Koji's cups run over for the sake of perfection
Perfect cuts of sashimi are complemented by handmade grapefruit soy sauce and grapefruit vinegar, which deliver a delicious surprise on the diner's culinary journey through Japanese food culture.
Equally, whether it is the caramelized silver cod or marbled rare beef, prime cuts of meat and seafood are another area of supreme indulgence at Koji.
Working in concert with the beautiful food, Koji provides Japanese epicurean delights of a liquid nature-making it a destination for sake lovers, too.
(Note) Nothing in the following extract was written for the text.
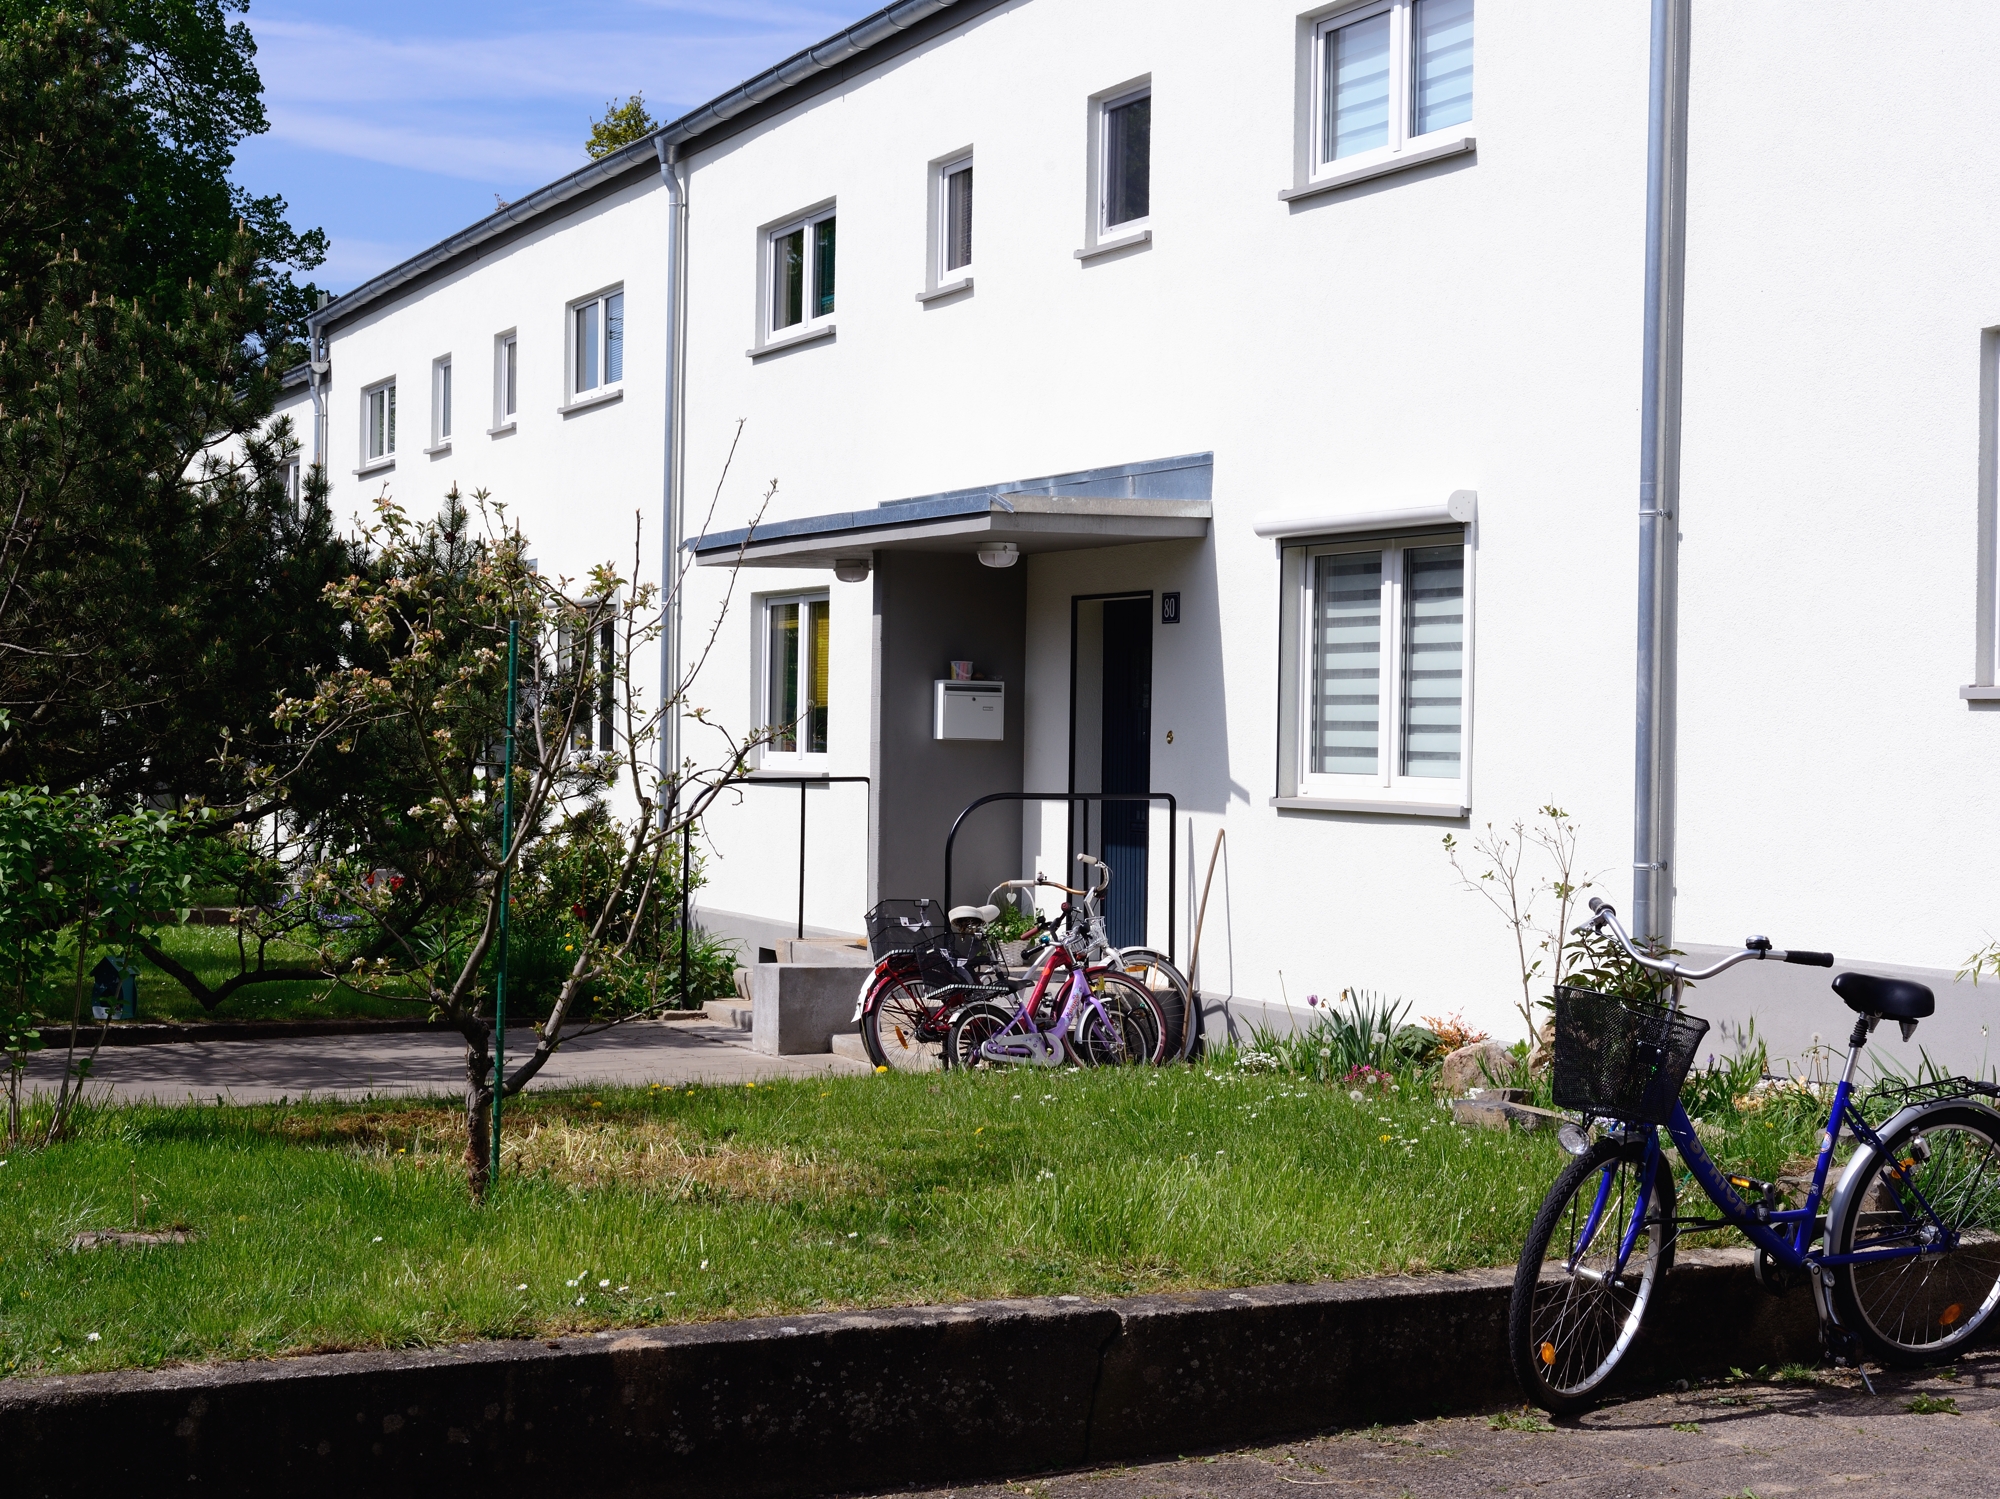 Ernst May housing in Römerstadt
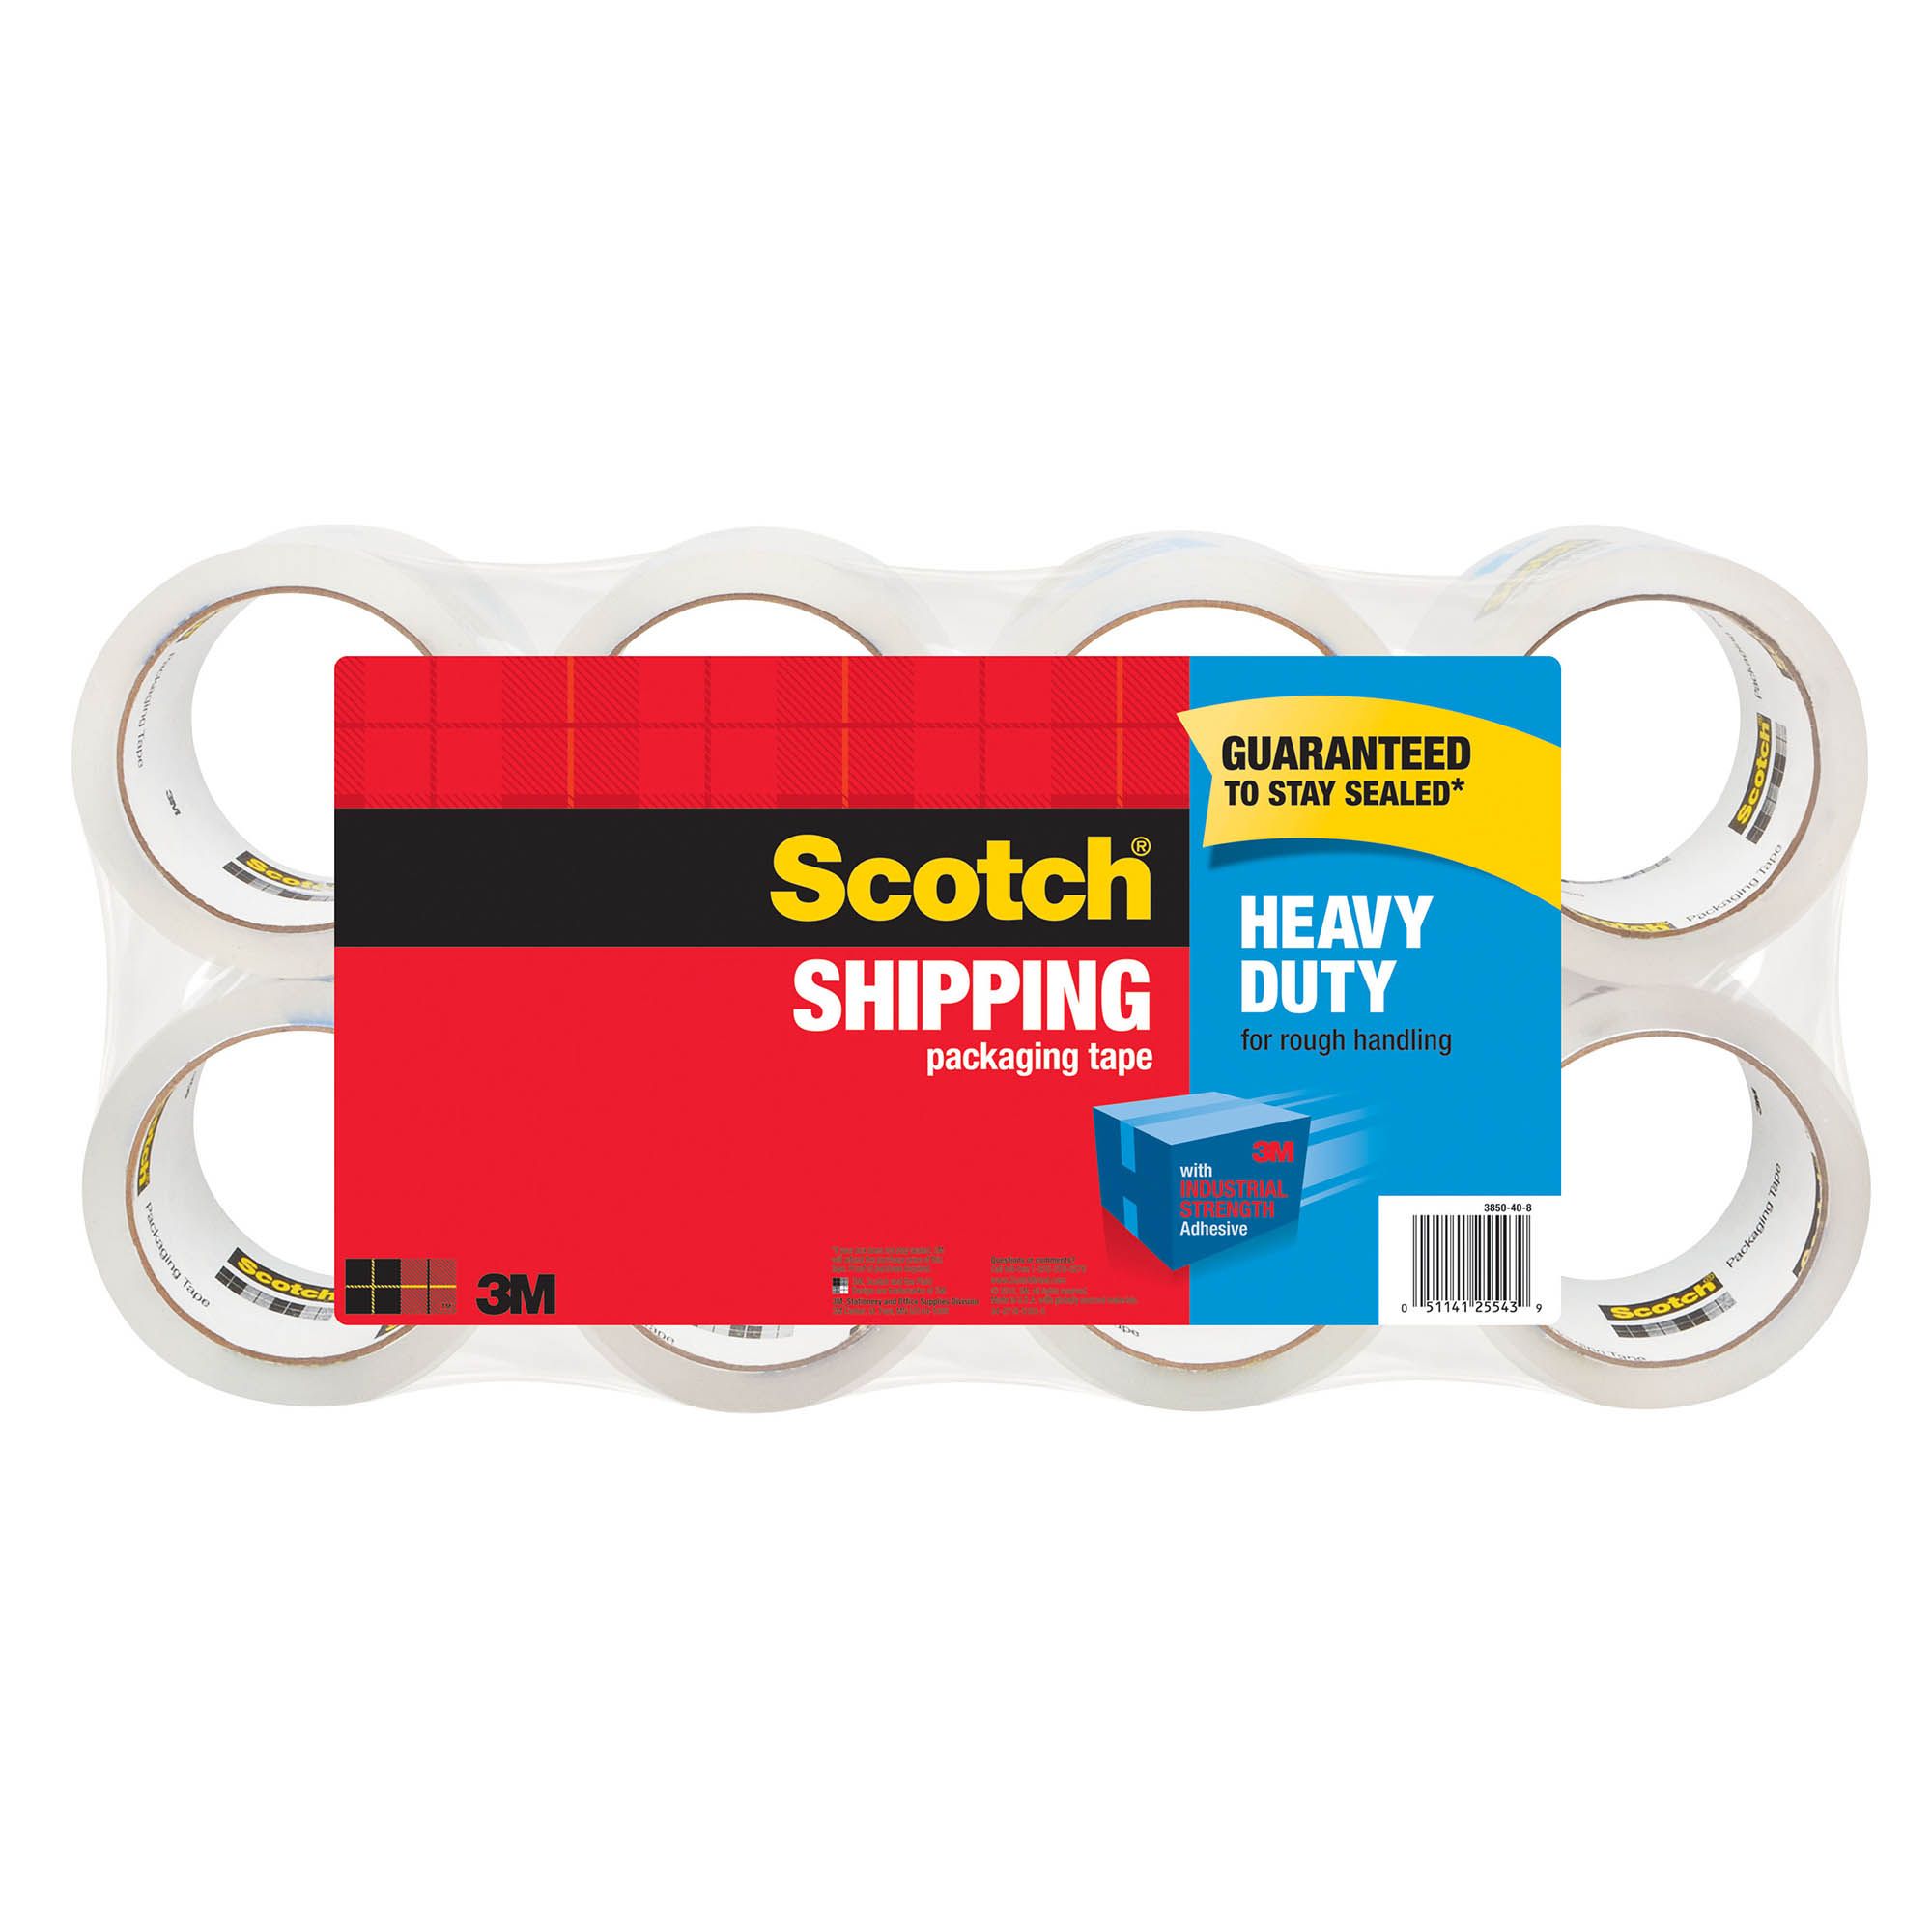 Scotch Heavy-Duty Tape Dispenser - Beige, 2-Roll

Tanioka selects high-quality sake from renowned Japanese distillers that are hard to find in China-including Jikon's Junmai Ginjyo Yumadanishiki Nama, Ohmine's Junmai and Ippakusuisei's Sunday Back Nine.
"There are three kinds of sake," he observes. "The cheap sake to get you drunk, the sake that pairs with food, each complementing one other, and the sake that can be enjoyed alone. Jikon's sake belongs in the third category."
As a sake sommelier, Tanioka was the youngest of his countrymen to ever pass the Diplome de Senior Sommelier in 2003.
He started his culinary journey at the age of 18, when he worked part-time in the kitchen at a Chinese restaurant in his hometown of Kumamoto in Japan.
In 1998, after graduating from college, Tanioka moved to Toyko to work for an Italian restaurant, where he started to learn to be a sommelier and a chef.
He then decided to change his career, becoming a general manager of hotels in a bid to hone his management skills. In the role, he helped in the preparation and opening of many hotels and, of course, the numerous restaurants within.